Citing the City of Saxman’s decade-long fight to regain its residents’ subsistence rights, Sen. Lisa Murkowski introduced a measure on Monday that would require congressional approval before a community’s rural designation could be removed in the future.
Saxman lost its rural designation during a 2007 Federal Subsistence Board review. The board decided that Saxman’s connection to the larger community of Ketchikan meant that Saxman can’t be considered rural.
Matthew Felling is a spokesman for Murkowski.
“This has been a battle that has been fought in court, this has been a battle that has been argued up and down, and this is something that, clearly, the typical process was failing this community and putting other communities all around Alaska at risk,” he said.
Following protests and eventually a lawsuit filed by the Organized Village of Saxman, the Federal Subsistence Board has proposed a new rule that would allow more flexibility when determining rural designations, and has conducted public hearings on that rule. Numerous Southeast Alaska residents commented during those hearings in support of Saxman’s claim to subsistence rights.

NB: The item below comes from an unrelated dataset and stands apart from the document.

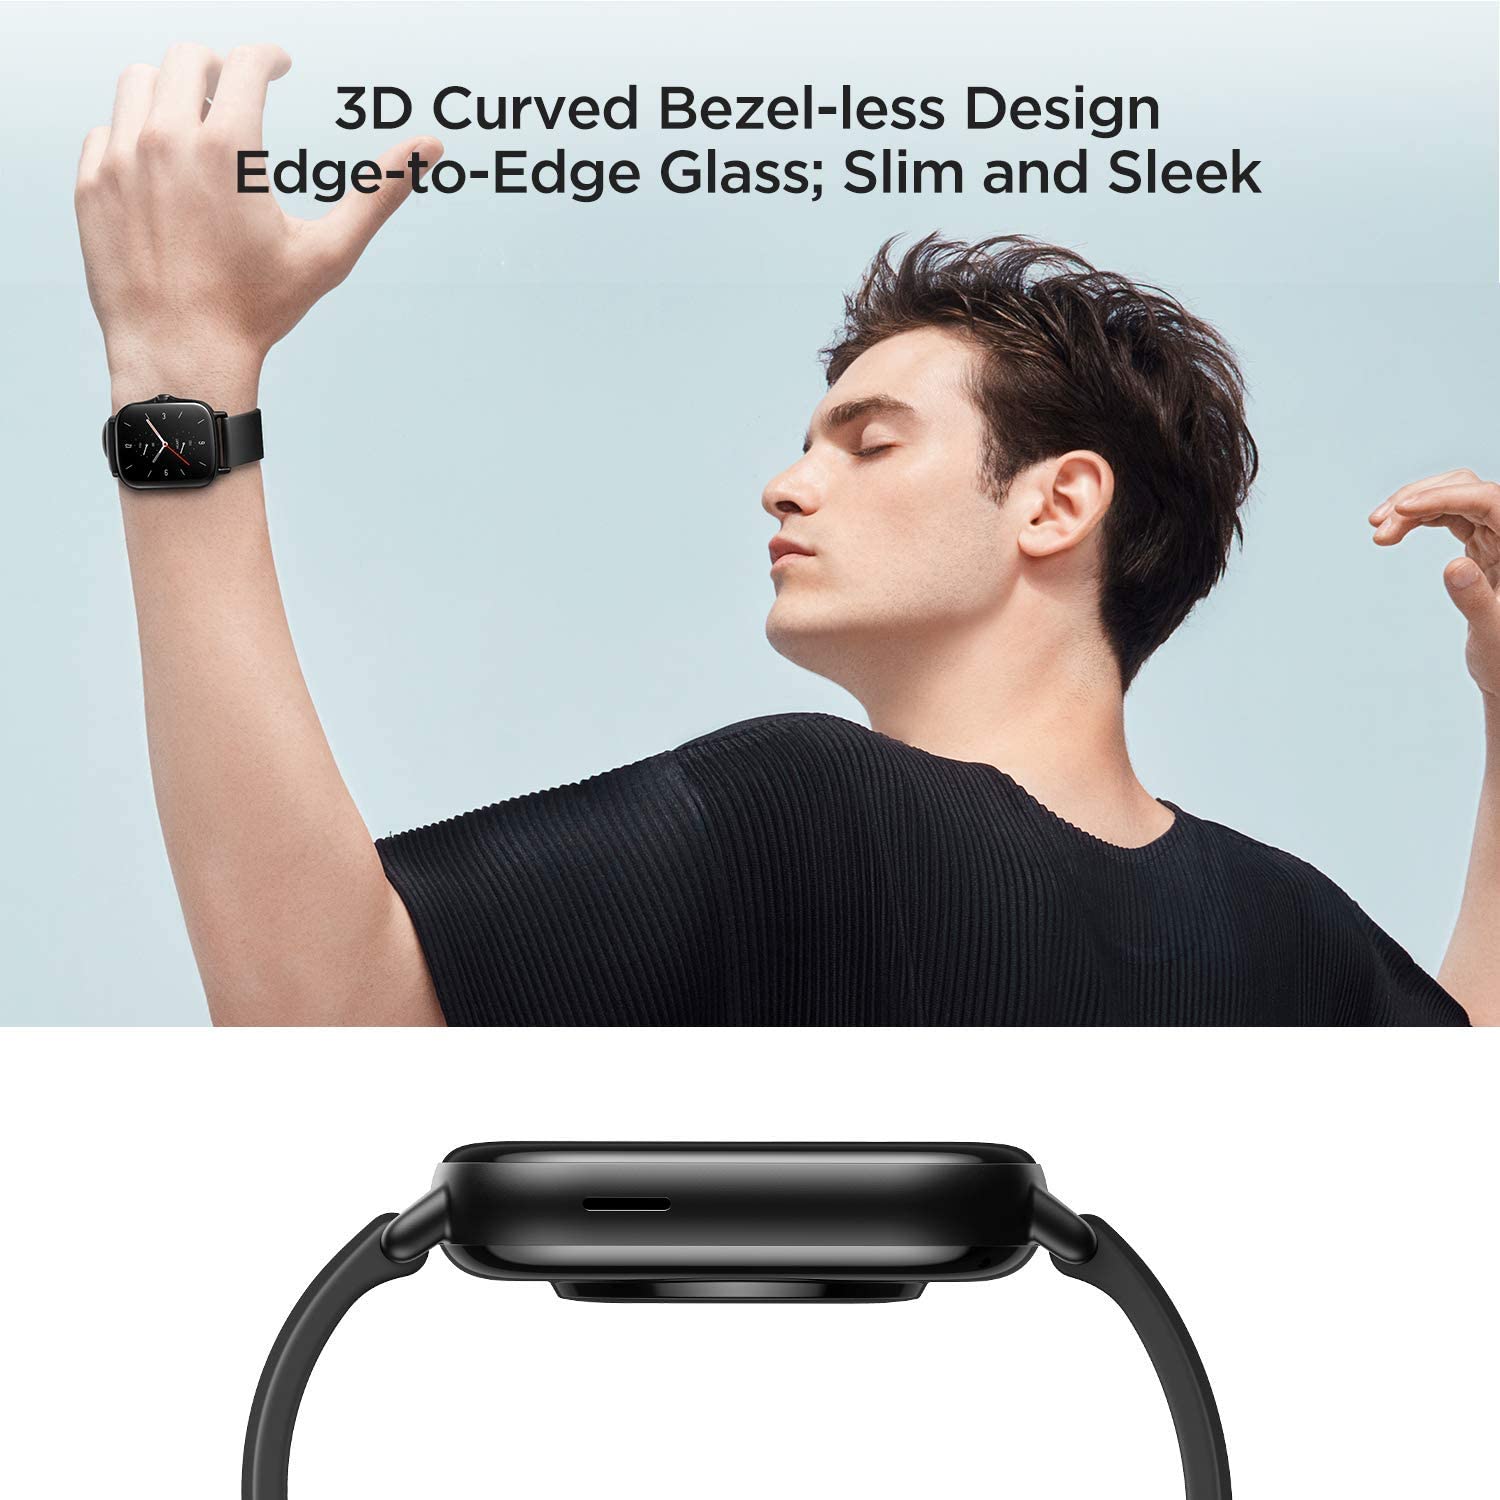 Smartwatch Xiaomi Amazfit GTS 2 A1969 Bluetooth/GPS - Black

Felling said that while the issue is moving in a positive direction, the review has taken too long. He said the proposed bill is meant to help other communities in the future from going through a similar process.
“Bottom line, a policy that permits a village of 410 people to be classified as urban is flawed on its face, or it’s being applied poorly,” he said. “The definition of rural is not a job for a bean counter. It’s a job for those responsible and understanding, who realize the cultural and traditional values that define a people and connect them to their roots.”
Felling stressed that the bill doesn’t remove the Federal Subsistence Board’s authority.
“The Federal Subsistence Board would go on as they always do,” he said. “If they made a decision to move any community from rural to urban, it would require a congressional approval. If they wanted to dip something backwards from urban back to rural, that would require no action whatsoever, no approval from Congress.”
The Subsistence Access Management Act has been referred to the Senate Energy and Natural Resources Committee, which Murkowski chairs.